BMC Medical Research Methodology volume 21, Article number: 88 (2021) Cite this article

2171 Accesses
9 Citations
19 Altmetric
Metrics details

Abstract

Background

Crowdsourcing engages the help of large numbers of people in tasks, activities or projects, usually via the internet. One application of crowdsourcing is the screening of citations for inclusion in a systematic review. There is evidence that a ‘Crowd’ of non-specialists can reliably identify quantitative studies, such as randomized controlled trials, through the assessment of study titles and abstracts. In this feasibility study, we investigated crowd performance of an online, topic-based citation-screening task, assessing titles and abstracts for inclusion in a single mixed-studies systematic review.

Methods

This study was embedded within a mixed studies systematic review of maternity care, exploring the effects of training healthcare professionals in intrapartum cardiotocography. Citation-screening was undertaken via Cochrane Crowd, an online citizen science platform enabling volunteers to contribute to a range of tasks identifying evidence in health and healthcare. Contributors were recruited from users registered with Cochrane Crowd. Following completion of task-specific online training, the crowd and the review team independently screened 9546 titles and abstracts. The screening task was subsequently repeated with a new crowd following minor changes to the crowd agreement algorithm based on findings from the first screening task. We assessed the crowd decisions against the review team categorizations (the ‘gold standard’), measuring sensitivity, specificity, time and task engagement.

Results

Seventy-eight crowd contributors completed the first screening task. Sensitivity (the crowd’s ability to correctly identify studies included within the review) was 84% (N = 42/50), and specificity (the crowd’s ability to correctly identify excluded studies) was 99% (N = 9373/9493). Task completion was 33 h for the crowd and 410 h for the review team; mean time to classify each record was 6.06 s for each crowd participant and 3.96 s for review team members.
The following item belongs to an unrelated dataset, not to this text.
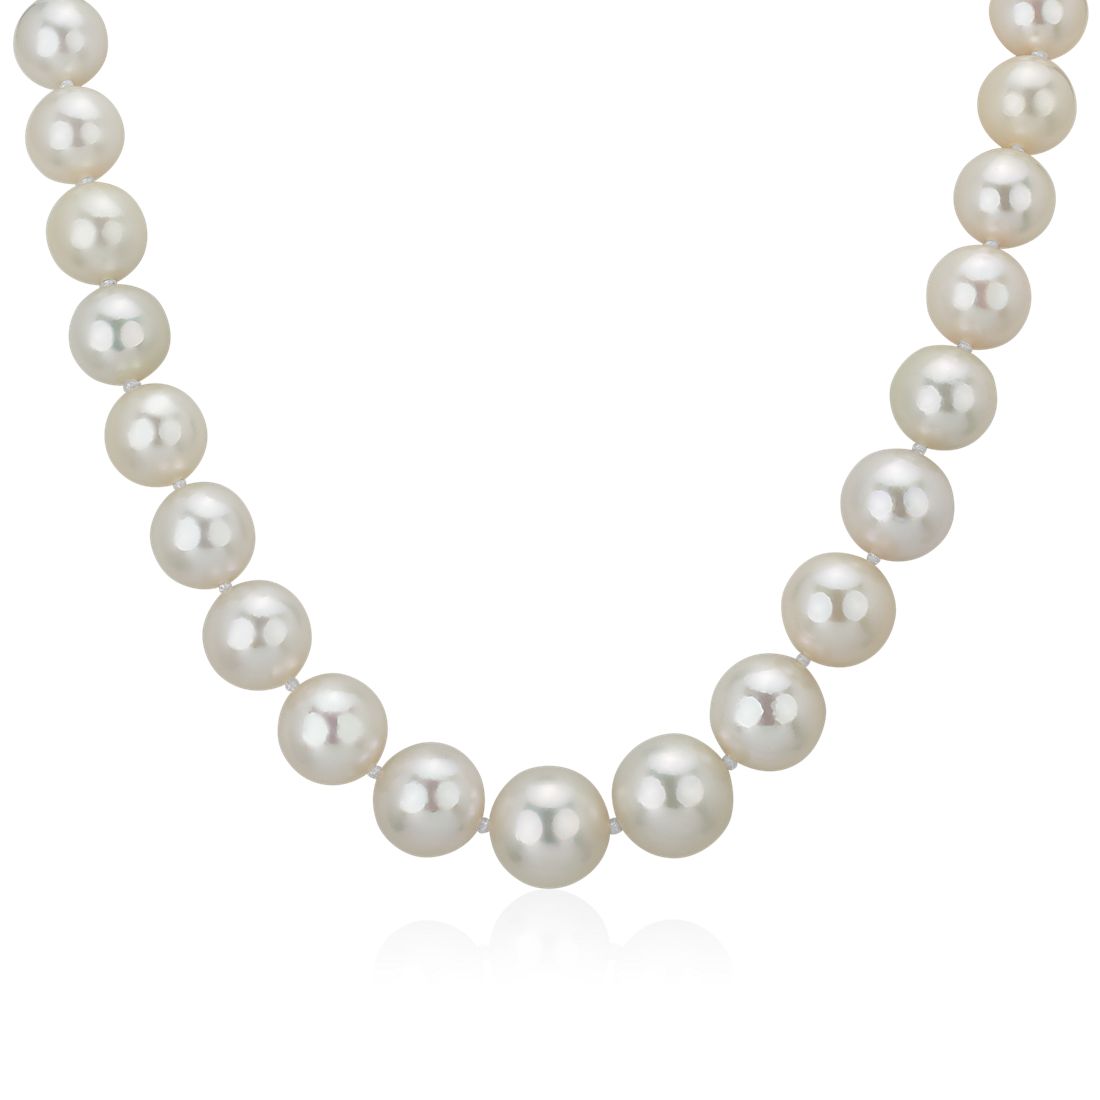 10-12.6mm Graduated South Sea Pearl Strand Necklace with Diamond Clasp

Replicating this task with 85 new contributors and an altered agreement algorithm found 94% sensitivity (N = 48/50) and 98% specificity (N = 9348/9493). Contributors reported positive experiences of the task.

Conclusion

It might be feasible to recruit and train a crowd to accurately perform topic-based citation-screening for mixed studies systematic reviews, though resource expended on the necessary customised training required should be factored in. In the face of long review production times, crowd screening may enable a more time-efficient conduct of reviews, with minimal reduction of citation-screening accuracy, but further research is needed.

Peer Review reports

Background

Systematic reviews are essential to locate, appraise and synthesize the available evidence for healthcare interventions [1]. Citation-screening is a key step in the review process whereby the search results identified from searches often performed across multiple databases, are assessed based on strict inclusion and exclusion criteria. The task is performed through an assessment of a record’s title and abstract (what we term ‘citation’). The aim is to remove records that are not relevant and determine those for which the full-text paper should be obtained for further scrutiny. This is no easy task. One study found a mean of 1781 citations were retrieved in systematic review searches (ranging from 27 to 92,020 hits retrieved from searches), from which a mean of 15 studies were ultimately included in each review: an overall yield rate of only 2.94% [2]. In part driven by the resources required to undertake citation-screening, reviews are typically time and labour intensive, taking an average of 67.3 weeks to complete [2] (Borah 2017). Moreover, the challenge of locating relevant evidence for reviews is becoming ever greater: over the last decade, research output has more than doubled, and approximately 4000 health-related articles are now published every week [3,4,5]. New approaches are needed to support systematic review teams to manage the screening of increasing numbers of citations.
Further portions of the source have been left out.